Normally when I've had to clean these things up I start in Safe Mode, run HijackThis to disable the offending process from starting up automatically and then reboot and run scanners (adaware lately) to clean things up.

This time though, the friggin' thing even runs in safe mode. I'm in safe mode, but after a few seconds the trojan app pops up, and I can't connect to the Internet because of the same proxy junk that it has. Soooooo....my questions:

  1. My plan now I guess is to run a bootable AVG cd and see if that can clean it, but I haven't had luck with that in the past, leading to..

  2. This is now the third infection like this in as many weeks from people I know. All computers were supposedly either running MS Security Essentials or AVG - are those just not catching whatever this is before it does damage and they suck, or is something else going on?

  3. Speaking of AVG, I tried running the bootable CD on another infected computer awhile back and it didn't find anything. It wasn't until I did the hijackthis stuff until I had success cleaning things.
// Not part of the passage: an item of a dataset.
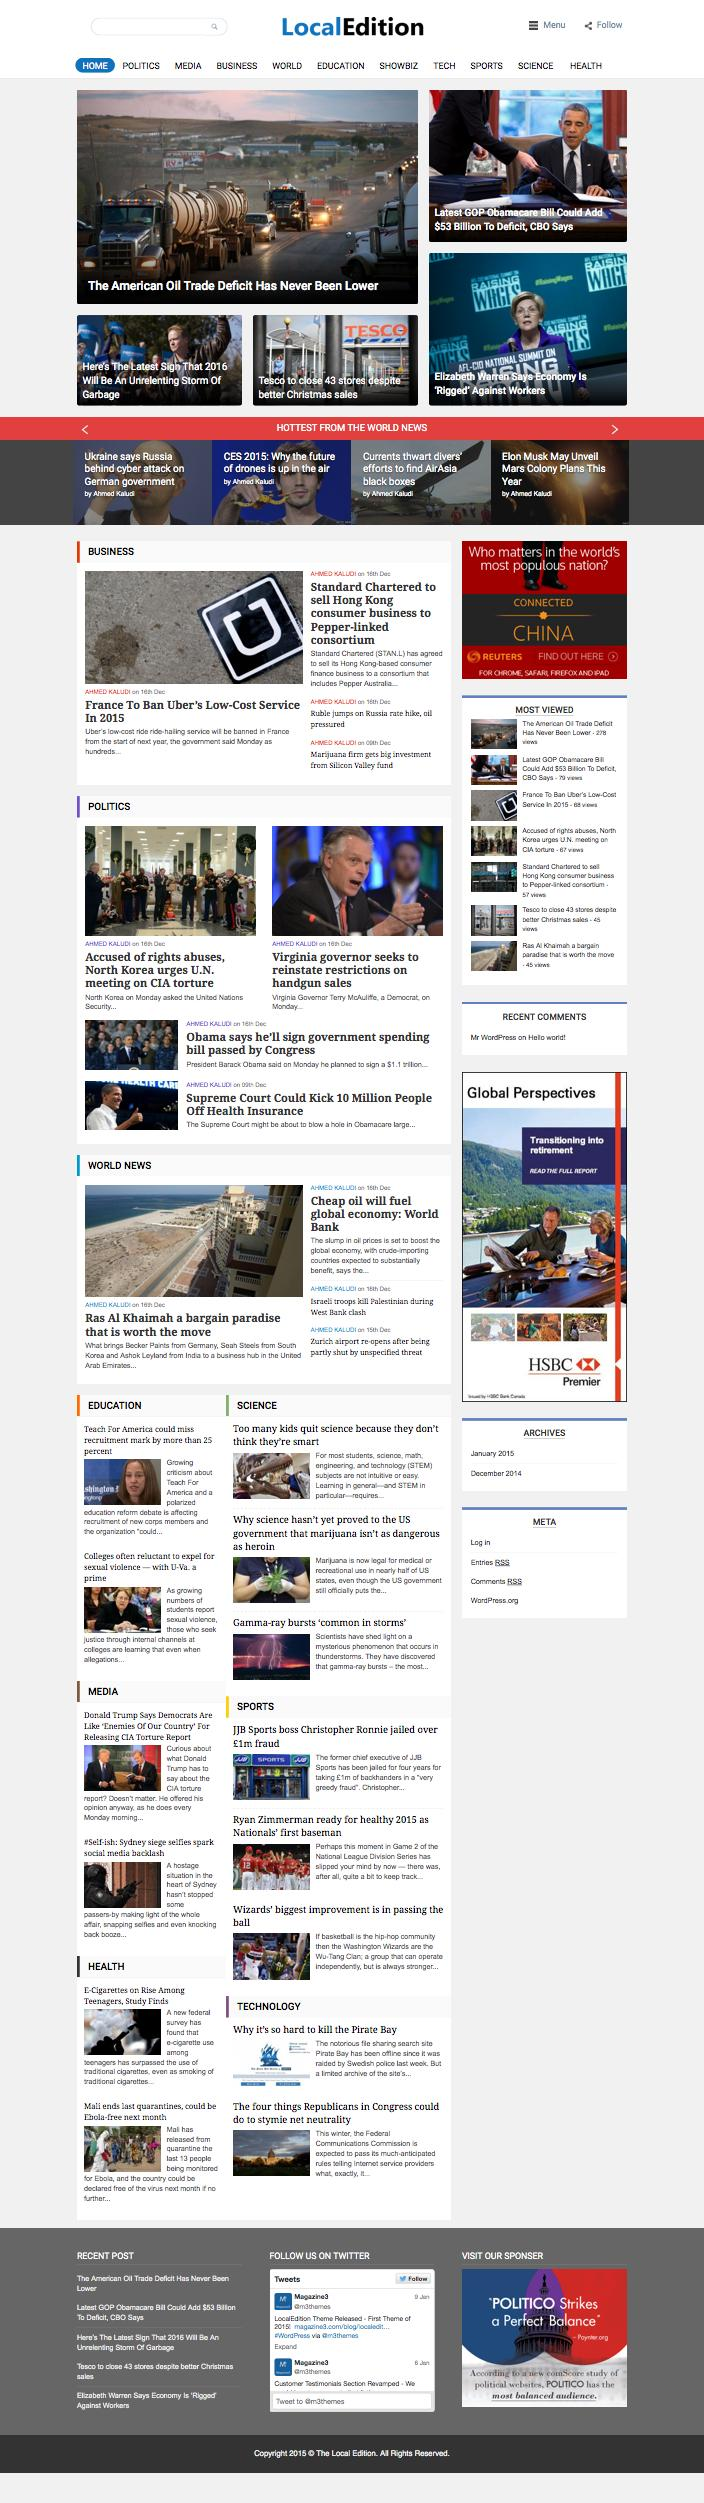 LocalEdition WordPress Modern Newspaper Theme 2015

  4. How is this thing running in safe mode even? And how can I disable startup items in that case? I didn't see anything funny when running msconfig, but maybe I missed it. I didn't have hijackthis on me when I was looking at it tonight so I'll try running that next and see what happens, but since the trojan is running even in safe mode I'm not confident it won't kill that when I try and run it.

Any thoughts or ideas? Thanks!

EDIT: Thanks all for the advice! This one turned out to be one of the trickiest removals I've done. I managed to run HijackThis in Safe Mode, in between popups (it was an obw.exe that kept running) and disabled a bunch of things that didn't look right, but none of them jumped out at me as the offending application. I was also able to run AVG's scan in safe mode but it didn't say it found anything. But somehow I (or the trojan?) managed to disable .exe extensions with running - I booted into regular mode and could no longer launch an application. Every .exe shortcut prompted for which application I wanted to associate it with; trying to run task manager or regedit said it couldn't find the application.
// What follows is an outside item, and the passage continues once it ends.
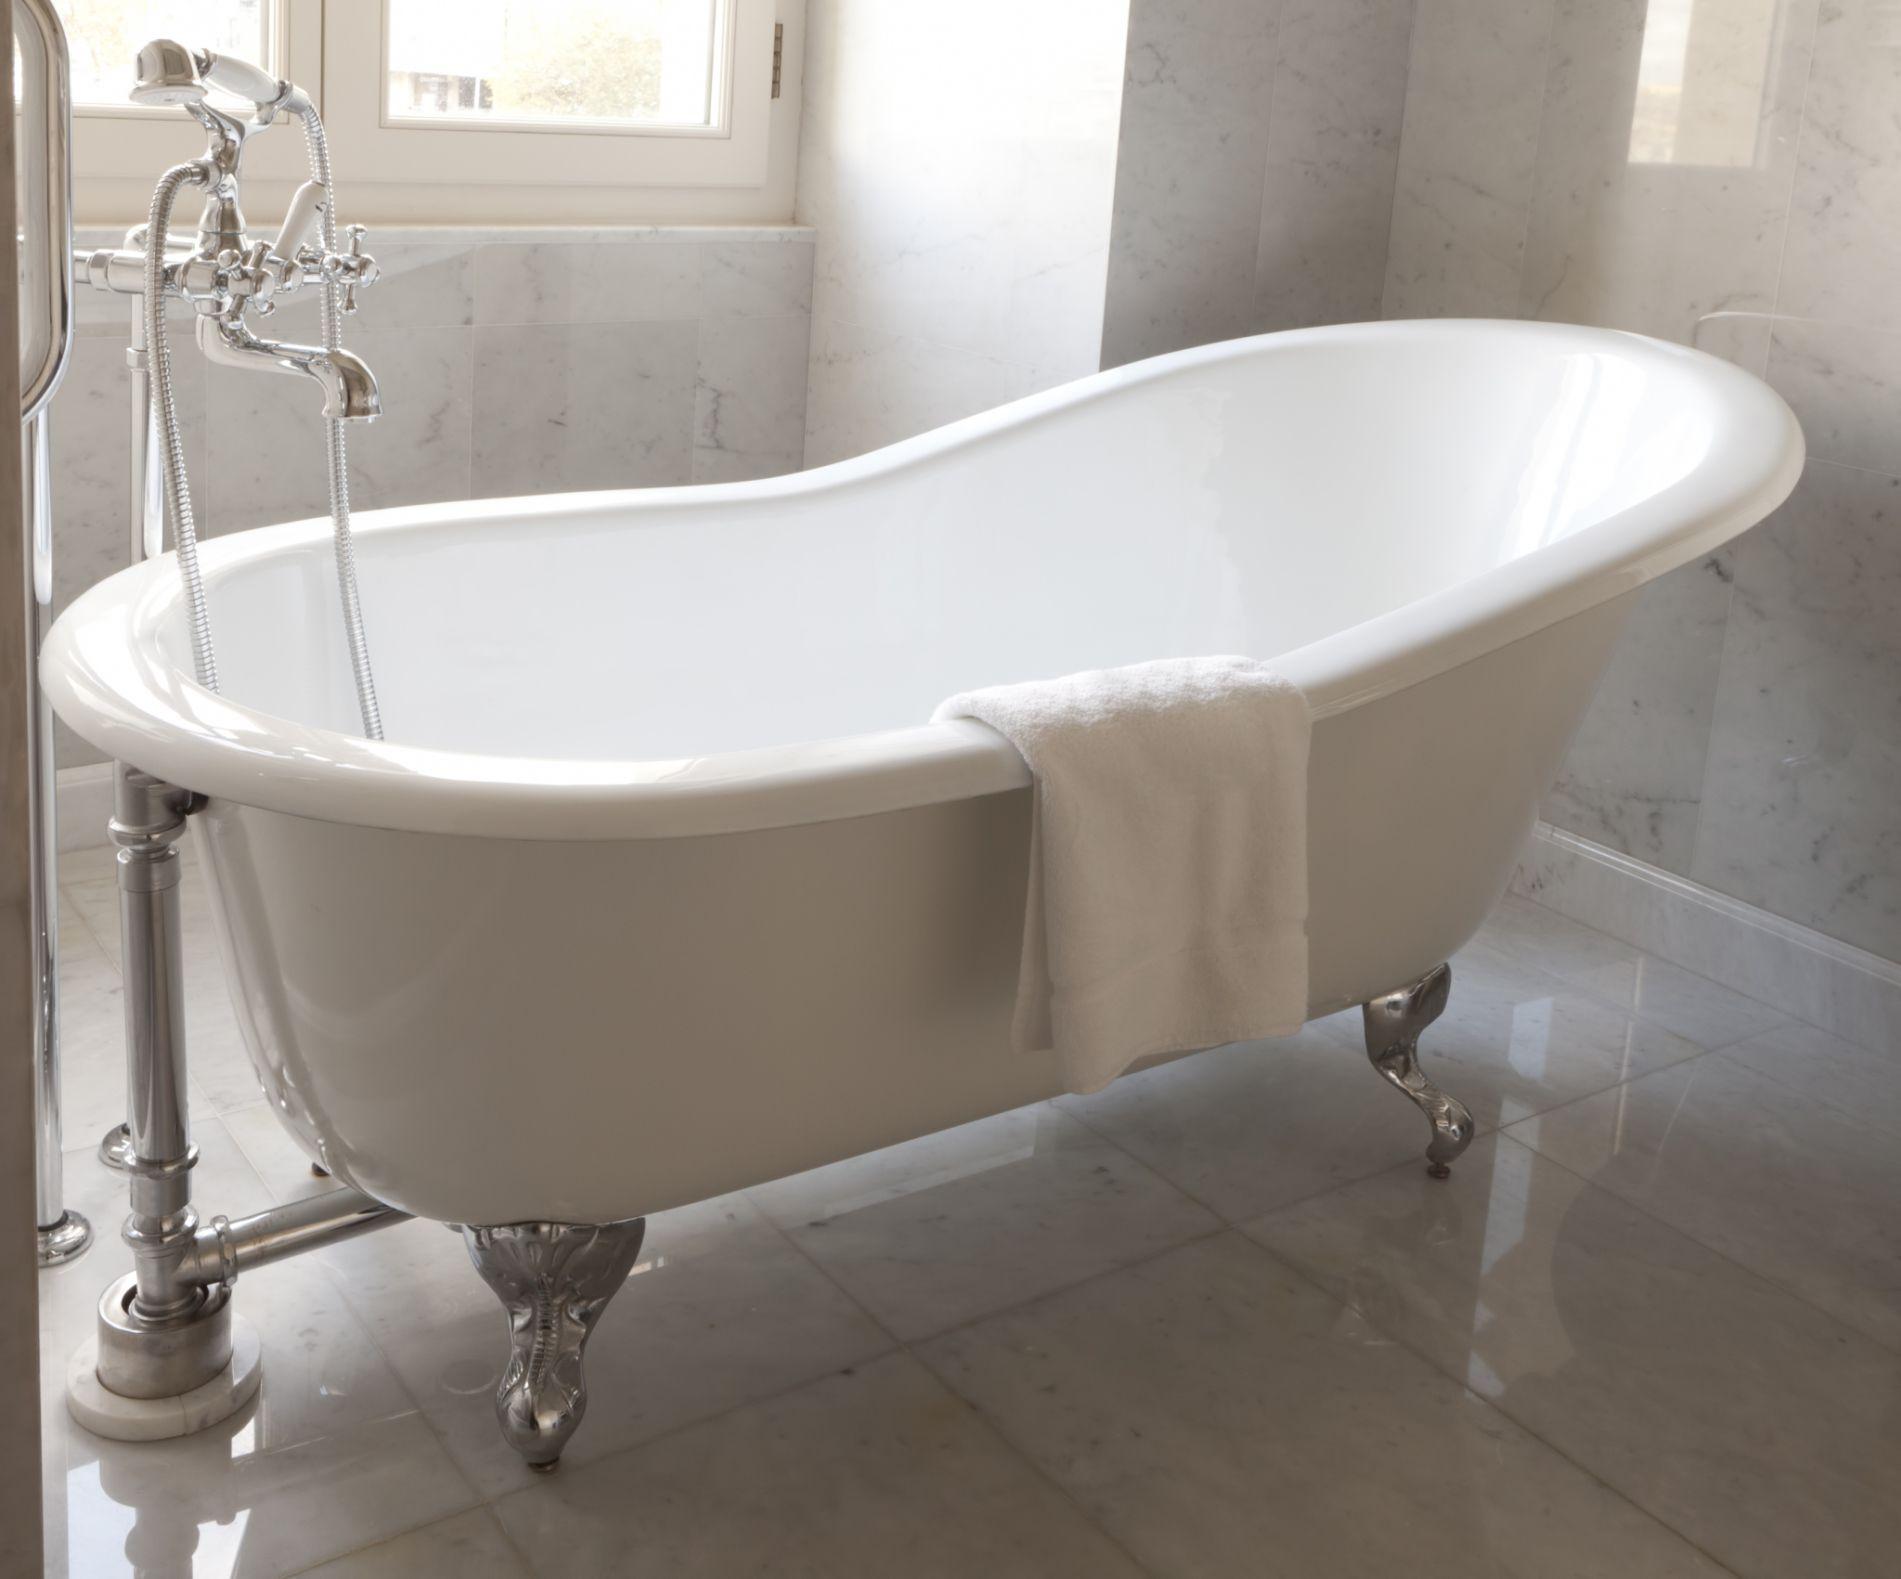 Bathworks diy refinishing kit for Bathroom tubs

I managed to find some instructions that had me copy regedit.exe to regedit.com, letting me run regedit to try and restore some .exe association so that they would run. I found in the key (ROOT-something?) that it apparently was calling this obw.exe application and running every .exe launch through that. Nice. Anyway, once I restored the registry settings everything seemed to be set. I ran AdAware and MS Security Essentials scans and both came back clean. Crossing my fingers that it'll stay that way!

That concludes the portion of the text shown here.